The technology described in this patent application could be applied in the following areas:

  • Speech enhancement systems
  • Audio processing applications
  • Noise reduction in audio signals

Problems Solved

This technology addresses the following issues:

  • Improving speech quality in noisy environments
  • Enhancing audio signals for better clarity
  • Reducing background noise in audio recordings

Benefits

The benefits of this technology include:

  • Enhanced speech intelligibility
  • Improved audio quality
  • Better performance in noisy conditions

Potential Commercial Applications

The technology could be utilized in various commercial applications such as:

  • Audio editing software
  • Communication devices
  • Voice recognition systems

Possible Prior Art

One possible prior art for this technology could be the use of autoregressive models in speech enhancement systems.

Unanswered Questions

How does this technology compare to existing speech enhancement methods?

This article does not provide a direct comparison to other speech enhancement methods currently available in the market.

What is the computational complexity of the neural method model described in the patent application?

The article does not delve into the computational complexity of the neural method model and how it compares to other similar models.

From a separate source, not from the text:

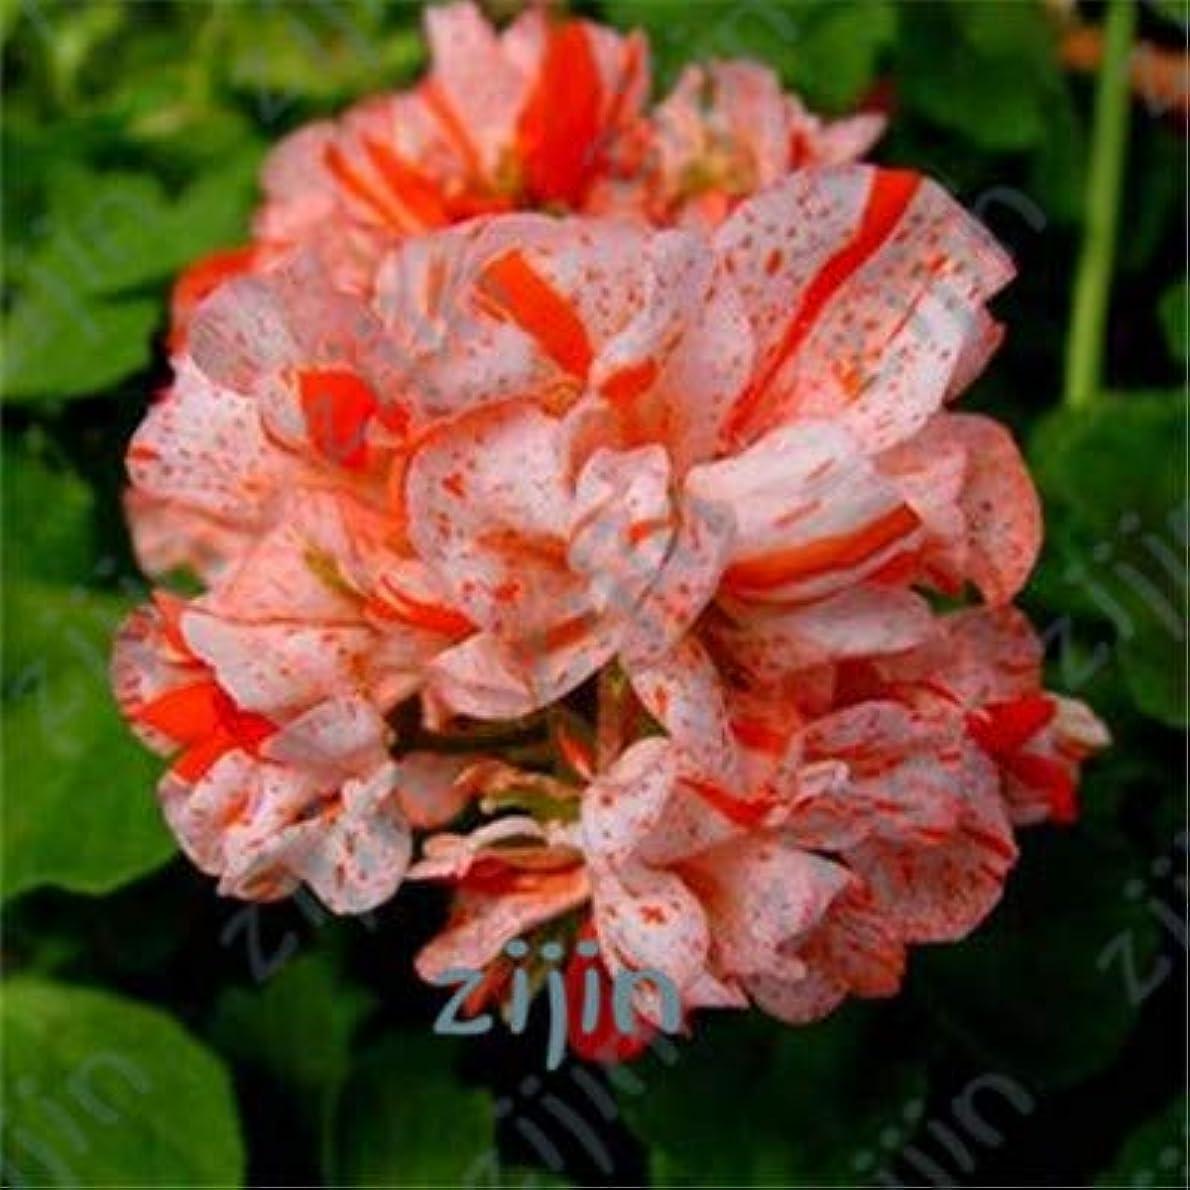 エール偽善接続詞100個ゼラニウム盆栽、庭の多年生フルールGraineゼラニウム、ペラルゴニウムゾナール盆栽、観葉植物ゼラニウムの花の穀物:ダークカーキ

Original Abstract Submitted

A neural method model is trained by, in an initial training iteration, training the neural network model in a teacher forcing mode in which an autoregressive channel includes a ground-truth shifted waveform, and outputting predictions of the neural network model; and in at least one additional training iteration, replacing the ground-truth shifted waveform in the autoregressive channel with the predictions of the neural network model obtained in a previous training iteration. An inference may then be performed by providing, for the neural network model, an additional channel containing at least one prediction of the neural network model outputted during training; and performing speech enhancement using the neural network model.